O pooling de front-end pode reduzir o tempo e os custos, em parte pela economia de materiais. Claro, não existe atualmente nenhum dispositivo que permita que tantas crianças cuspam com segurança em um frasco. Precisaria ser desenvolvido rapidamente.
A abordagem de agrupamento inicial nunca foi tentada antes, porque só faz sentido numa pandemia.
Depois o teste que falamos no início deste post.
E se houver um teste que possa ser produzido em grande número e não exigir um leitor especializado? E se funcionar mais como um teste de gravidez, um procedimento que você pode fazer em casa e não apenas no consultório médico?
Esses testes, conforme mencionado, existem (desde abril) e são feitos pela e25 Biografia, uma startup de 12 pessoas. Um teste e25 é uma tira de papel com alguns centímetros de comprimento e menos de um centímetro de largura. Basta um pouco de saliva, soro fisiológico e um copinho e dá resultado em 15 minutos. Assim como um teste de gravidez, não requer máquina, reagente ou médico para funcionar.
A sua qualidade é que reage à presença da proteína spike característica do coronavírus, a estrutura da “pele” do vírus que lhe permite atracar e entrar nas células humanas.

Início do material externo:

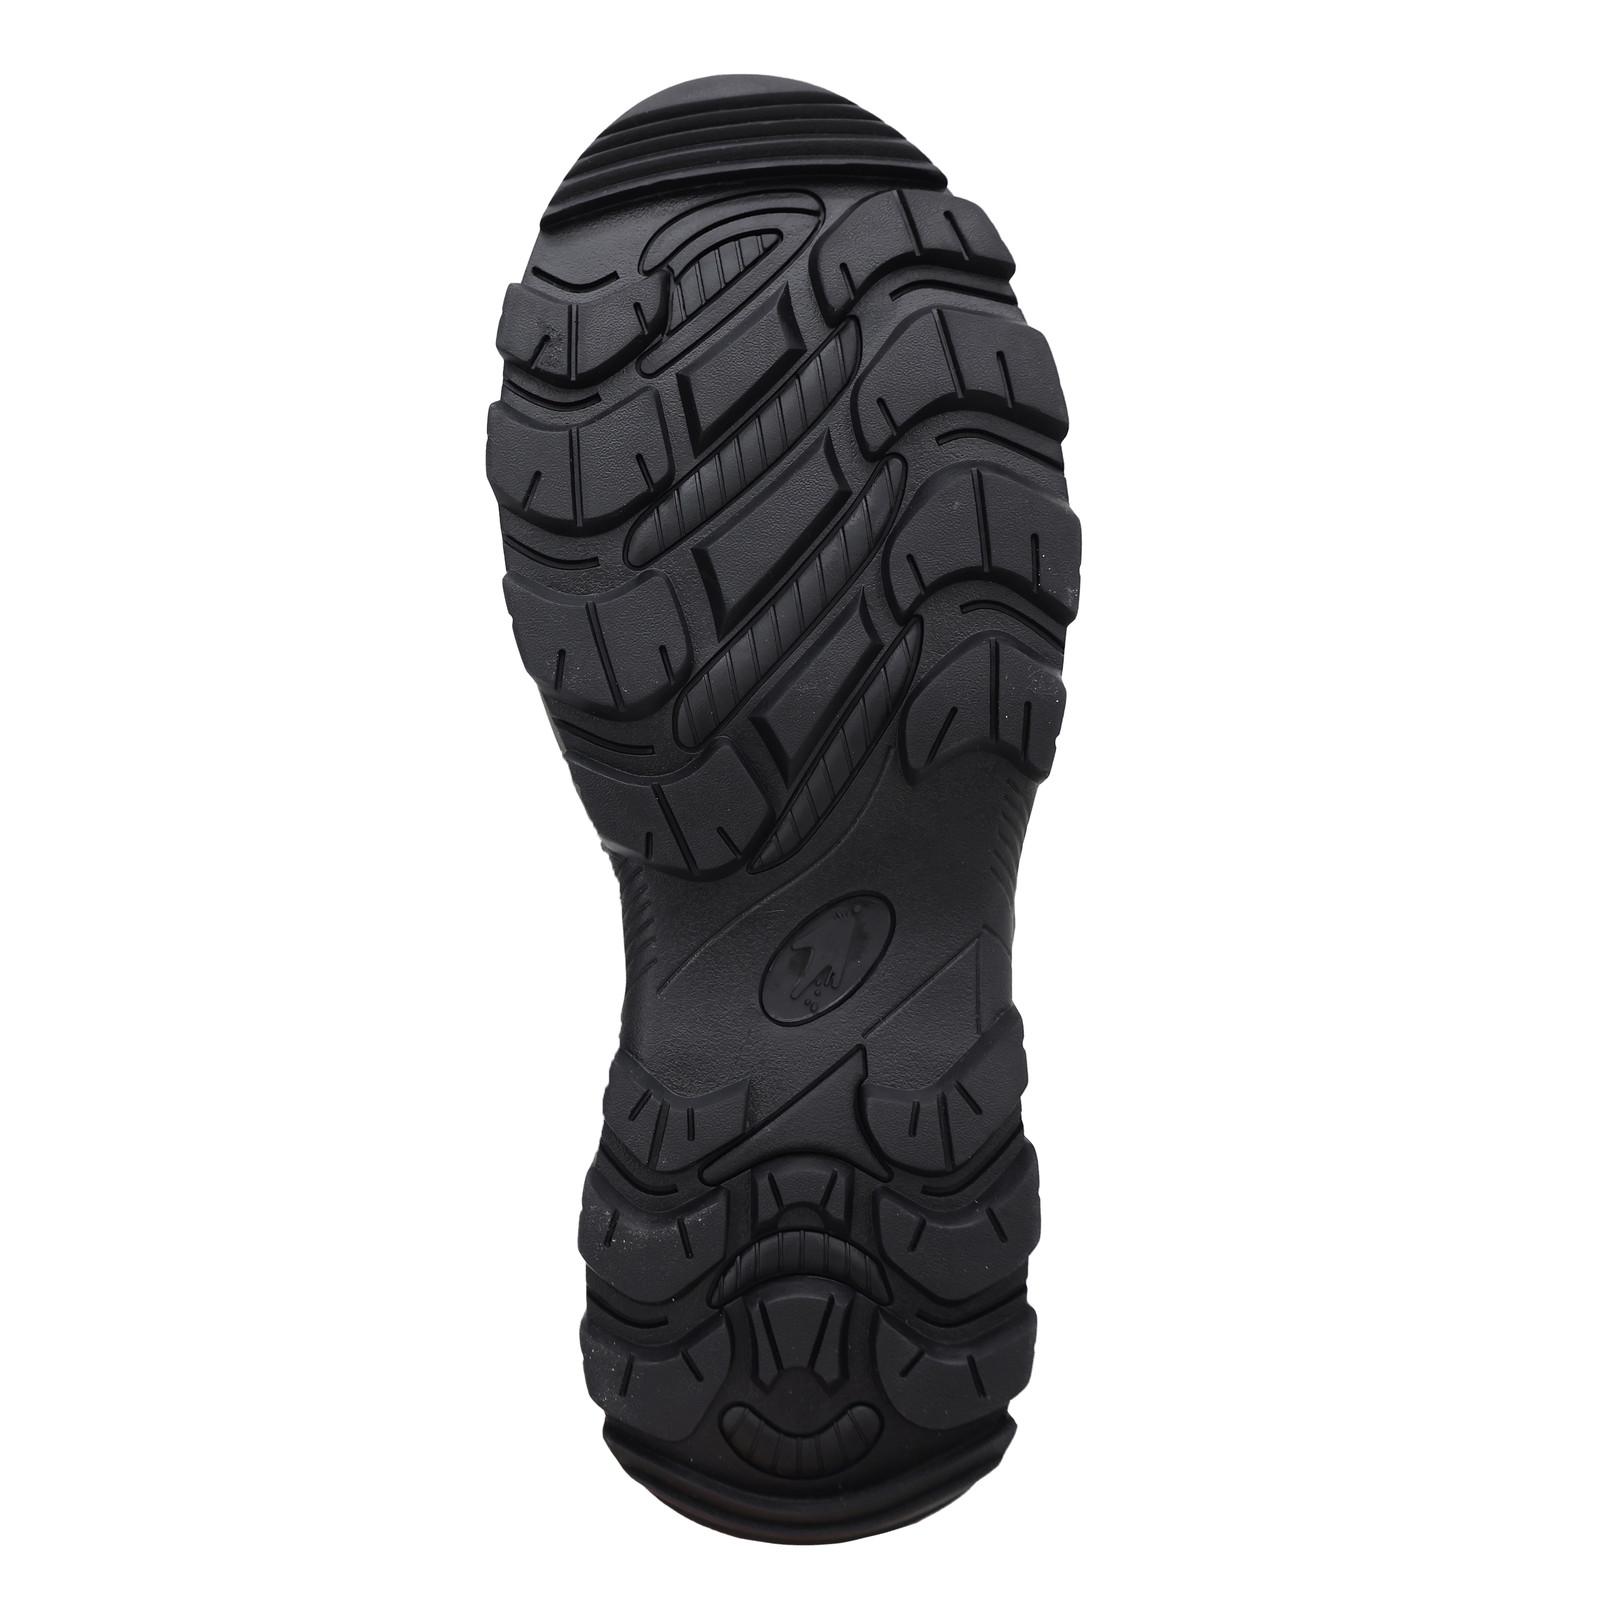 Men's Rana Elite Wading Boots - Lug-large

A proteína spike é a estrutura mais importante do coronavírus. Desempenha um papel importante na determinação da infecção do vírus, e é para isso que se destinam tanto os anticorpos como muitos protótipos de futuras vacinas.
Se esses testes fossem produzidos em número suficiente e massivo, você concordaria em se submeter todos os dias, todos os dias para qualquer coisa?

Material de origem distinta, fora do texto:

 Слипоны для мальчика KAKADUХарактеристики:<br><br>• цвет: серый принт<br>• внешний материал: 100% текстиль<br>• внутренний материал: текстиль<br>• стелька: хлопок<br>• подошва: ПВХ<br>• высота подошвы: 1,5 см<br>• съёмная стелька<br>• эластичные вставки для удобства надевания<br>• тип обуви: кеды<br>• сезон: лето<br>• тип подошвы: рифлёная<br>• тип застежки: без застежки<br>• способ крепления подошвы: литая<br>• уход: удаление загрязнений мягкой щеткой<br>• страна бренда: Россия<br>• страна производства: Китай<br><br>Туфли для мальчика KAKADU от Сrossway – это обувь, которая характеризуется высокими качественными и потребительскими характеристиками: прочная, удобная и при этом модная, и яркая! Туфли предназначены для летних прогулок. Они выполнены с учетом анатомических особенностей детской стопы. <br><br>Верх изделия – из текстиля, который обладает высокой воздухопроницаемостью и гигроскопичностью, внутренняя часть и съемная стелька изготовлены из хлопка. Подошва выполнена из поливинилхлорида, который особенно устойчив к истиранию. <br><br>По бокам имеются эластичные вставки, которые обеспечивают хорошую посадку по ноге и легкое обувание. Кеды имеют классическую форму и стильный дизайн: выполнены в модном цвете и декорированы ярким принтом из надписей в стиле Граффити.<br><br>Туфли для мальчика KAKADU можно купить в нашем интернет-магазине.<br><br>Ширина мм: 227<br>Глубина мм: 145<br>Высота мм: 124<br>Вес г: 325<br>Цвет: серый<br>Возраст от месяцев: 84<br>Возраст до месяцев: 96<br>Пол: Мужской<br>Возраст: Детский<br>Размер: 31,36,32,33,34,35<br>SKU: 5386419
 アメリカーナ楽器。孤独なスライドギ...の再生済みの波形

Lembre-se: o plano, diz Michael Mina, não se limitaria a mitigar os danos da pandemia. Isso poderia acabar com isso.
Para escapar da pandemia, basicamente, o objetivo é fugir do inimigo. Inundando o mundo com milhares de milhões de testes que não são perfeitos, mas bons o suficiente (e rápidos) para travar a Covid-19.
Os testes desse tipo têm desvantagens, é claro.

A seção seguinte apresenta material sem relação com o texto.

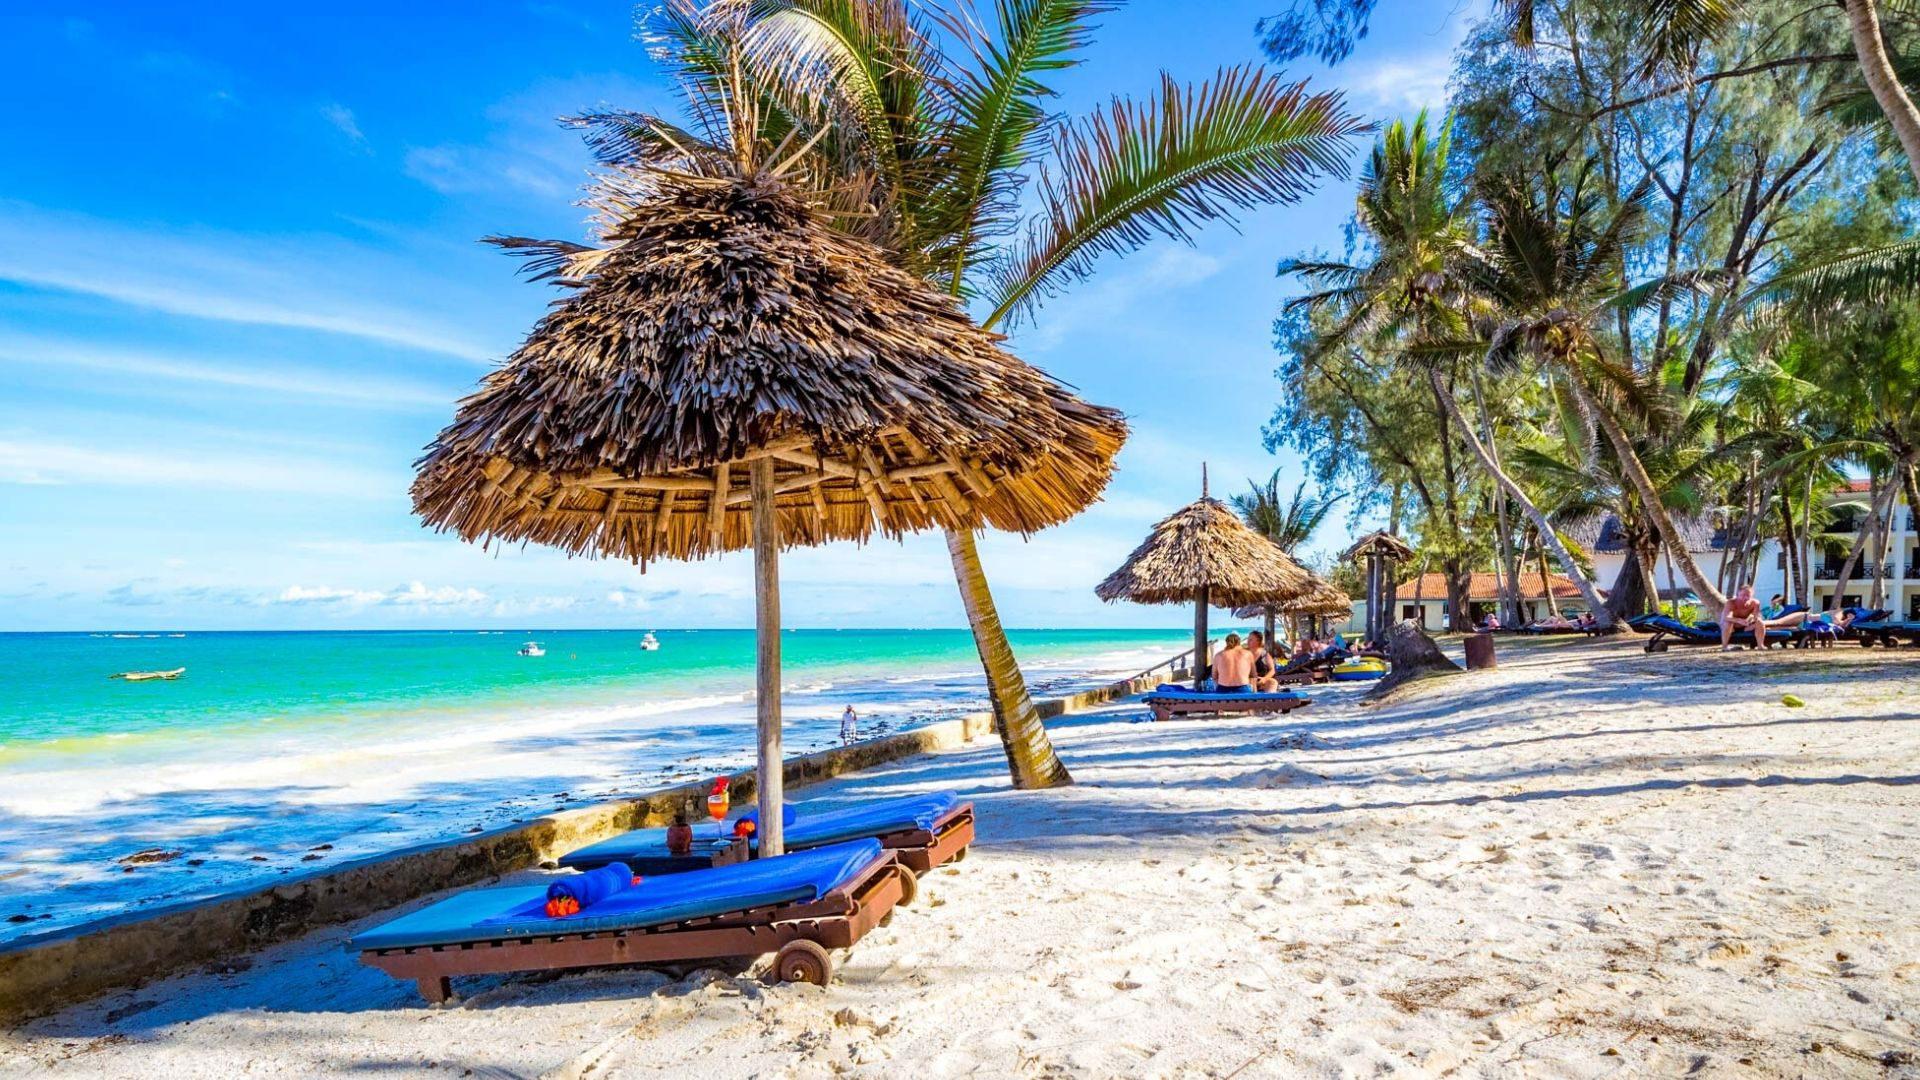 Kelionės į Keniją metu derinkite poilsį paplūdimiuose su šalies pažinimu

Testar dezenas de milhões de pessoas todos os dias seria uma intervenção biotécnica sem precedentes, poderia ter efeitos colaterais imprevisíveis e desagradáveis. O plano de Mina provavelmente ainda não levou em consideração todas as consequências operacionais.
Basicamente, aqui está como meu maio de 2021 poderia ser
vacinas estão sendo distribuídas. Ainda não fiz isso, mas não há mais distanciamento social. Quando minha filha entra na aula, ela tira brevemente a máscara e cospe em um saco plástico; o mesmo acontece com todas as outras crianças e a professora. A bolsa é então entregue a um laboratório próximo. Quando chego ao trabalho, cuspo em um copo de plástico e depois vou tomar um café em uma sala isolada. Em 15 minutos recebo uma notificação: a triagem diária foi aprovada, posso começar o dia. Ainda uso máscara na mesa e tento evitar áreas comuns, mas os níveis de infecção são muito baixos. No sábado à noite, eu e a família vamos com amigos e parentes a um restaurante e, antes de entrar, fazemos outro teste. Já é normal ver recipientes de soro fisiológico, recipientes de teste com a tira de papel que muda de cor, à entrada de todos os locais públicos. Antes de colocar a menina para dormir, outra mensagem da escola me avisa: ninguém na classe testou positivo esta manhã. Amanhã também poderemos ter aulas presenciais.
Não há obstáculos técnicos para essa visão. Apenas falta de vontade política.
Já sei que no papel esse cenário de teste diário do Covid-19 parece um pesadelo, embora muito menos do que o atual. Mas a estrada é longa e o vírus pode ter vindo para ficar.
Pode haver poucas alternativas para um sistema atual. Podemos perder tempo desnecessária e dolorosamente tentando restaurar um passado que simplesmente não pode retornar.